Effective backup management is not only about creating copies of data. It’s also about ensuring those copies are healthy, accurate, and up-to-date. 

To define a good backup strategy for your production PostgreSQL database, you need to consider several aspects. This includes how frequently you will back up your database, where these backups will be stored, and how often you will audit them. 

But your job isn’t finished once you get up-to-date and healthy database backups. You must also establish an effective disaster recovery protocol. No matter how careful you are, it’s a fact of database management that failures will happen sooner or later. They can be caused by outages, failed upgrades, corrupted hardware, or human error—you name it.

Your disaster recovery plan must encompass all the steps to restore data as quickly as possible after an incident. This ensures that your database is not just backed up but also recoverable in a timely and efficient manner.

What Is the Difference Between a Physical Backup and a Logical Backup in PostgreSQL? 

In PostgreSQL, there are two main types of database backups: physical backups and logical backups. 

  • Physical backups capture the database's state at a specific point in time. They involve copying the actual PostgreSQL database data at the file system level. 
  • Logical backups involve exporting specific database objects or the entire database into a human-readable SQL file format. A logical backup contains SQL statements to recreate the database objects and insert data.

Logical backups can be highly granular, allowing for the backup of specific database objects like tables, schemas, or databases. They are also portable and can be used across different database systems or versions, making them popular for migrating small to medium databases. This is your common pg_dump/pg_restore.  

But a main drawback of logical backups is speed. For large databases, the process of restoring from a logical backup is too slow to be useful as a sole disaster recovery mechanism (or migration mechanism, for that matter). Restoring from physical backups is faster than restoring from logical backups, and it’s exact. When putting together a disaster recovery strategy, you’ll be dealing with physical backups.

A Guide to Physical Backups in PostgreSQL

Let’s explore some essential concepts around physical backups and how they can help you recover your database in case of failure. 

File system backups 

Physical backups are referred to as file system backups in PostgreSQL. This refers to the process of directly copying the directories and files that PostgreSQL uses to store its data, resulting in a complete representation of the database at a specific moment in time. 

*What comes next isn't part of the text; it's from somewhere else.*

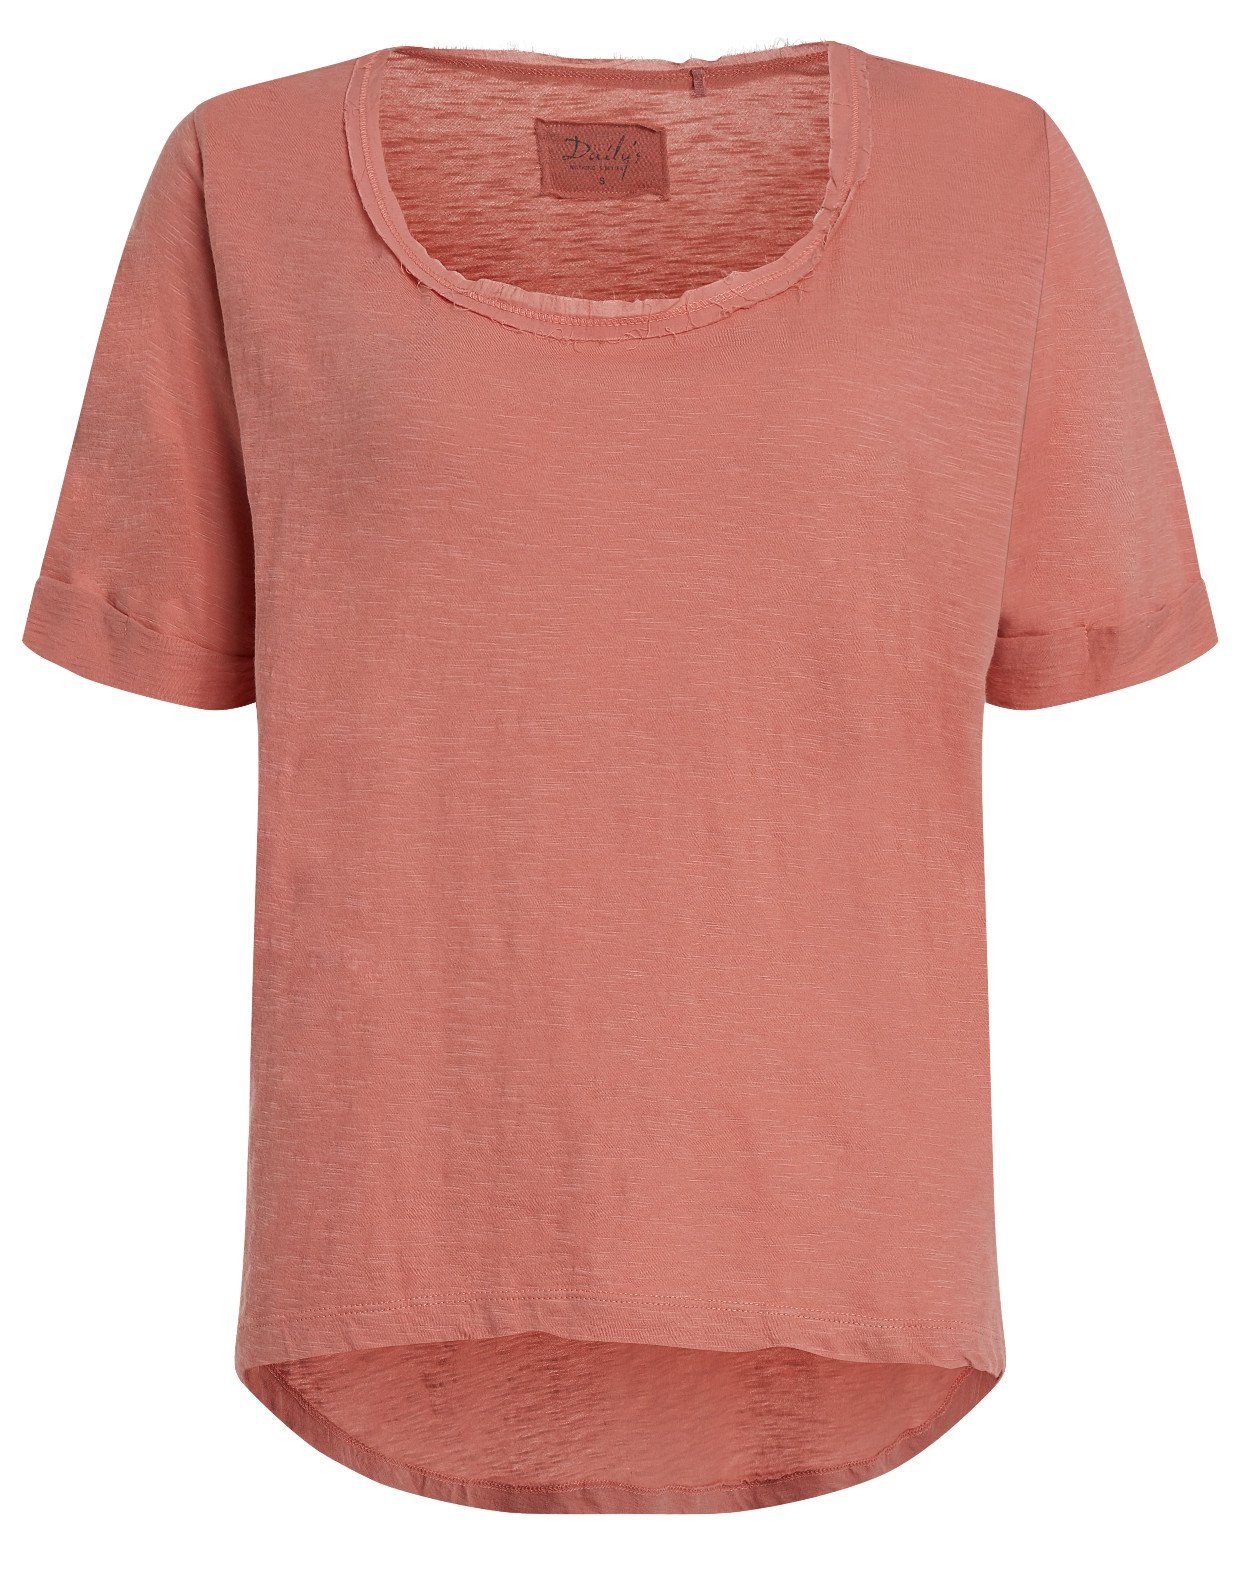 DAILY´S T-Shirt GLADIS: Damen T-Shirt mit Rundhalsausschnitt Backsteinfarben

Maintaining file system backups is an essential piece of every disaster recovery strategy and imperative in production databases. But putting together a solid disaster recovery plan requires other techniques beyond simply taking “physical” file system backups regularly. That’s especially true if you’re dealing with large production databases. 

Taking physical backups of very large databases can be a rather slow and resource-intensive process that conflicts with other high-priority database tasks, affecting your overall performance. Physical backups are not enough to ensure consistency in case of failure, as they only reflect the database state at the time they were taken. To restore a database in case of failure, you’ll need another mechanism to be able to restore all the transactions that occurred between the moment the last backup was taken and the failure. 

WAL and continuous archiving 

WAL stands for Write-Ahead Logging. It’s a protocol that improves the reliability, consistency, and durability of a PostgreSQL database by logging changes before they are written to the actual database files.

WAL is key for assuring atomicity and durability in PostgreSQL transactions. By writing changes to a log before they're committed to the database, WAL ensures that either all the changes related to a transaction are made or none at all. 

WAL is also essential for disaster recovery since, in the event of a failure, the WAL files can be replayed to bring the database back to a consistent state. The process of regularly saving and storing these WAL records in a secondary storage location, ensuring that they are preserved over the long term, is usually referred to as continuous archiving. 

Keeping WAL records and a recent, healthy physical database backup ensures that your PostgreSQL database can be successfully restored in case of failure. The physical backup will get PostgreSQL to the same state as it was when the backup was taken, which hopefully was not so long ago, and the WAL files will be rolled forward right before things start failing. 

You might be wondering why it’s necessary to keep up-to-date backups if WAL can be replayed. The answer is speed. Replaying WAL during a recovery process is time-consuming, especially when dealing with large datasets with complex transactions. Backups provide a snapshot of the database at a specific point in time, enabling quick restoration up to that point. 

In the optimal recovery scenario, you restore a recent backup (e.g., from the previous day. hen, you replay a WAL recorded post-backup to update the database to its most recent state. You don’t want to rely on WAL to reproduce two weeks’ worth of transactions.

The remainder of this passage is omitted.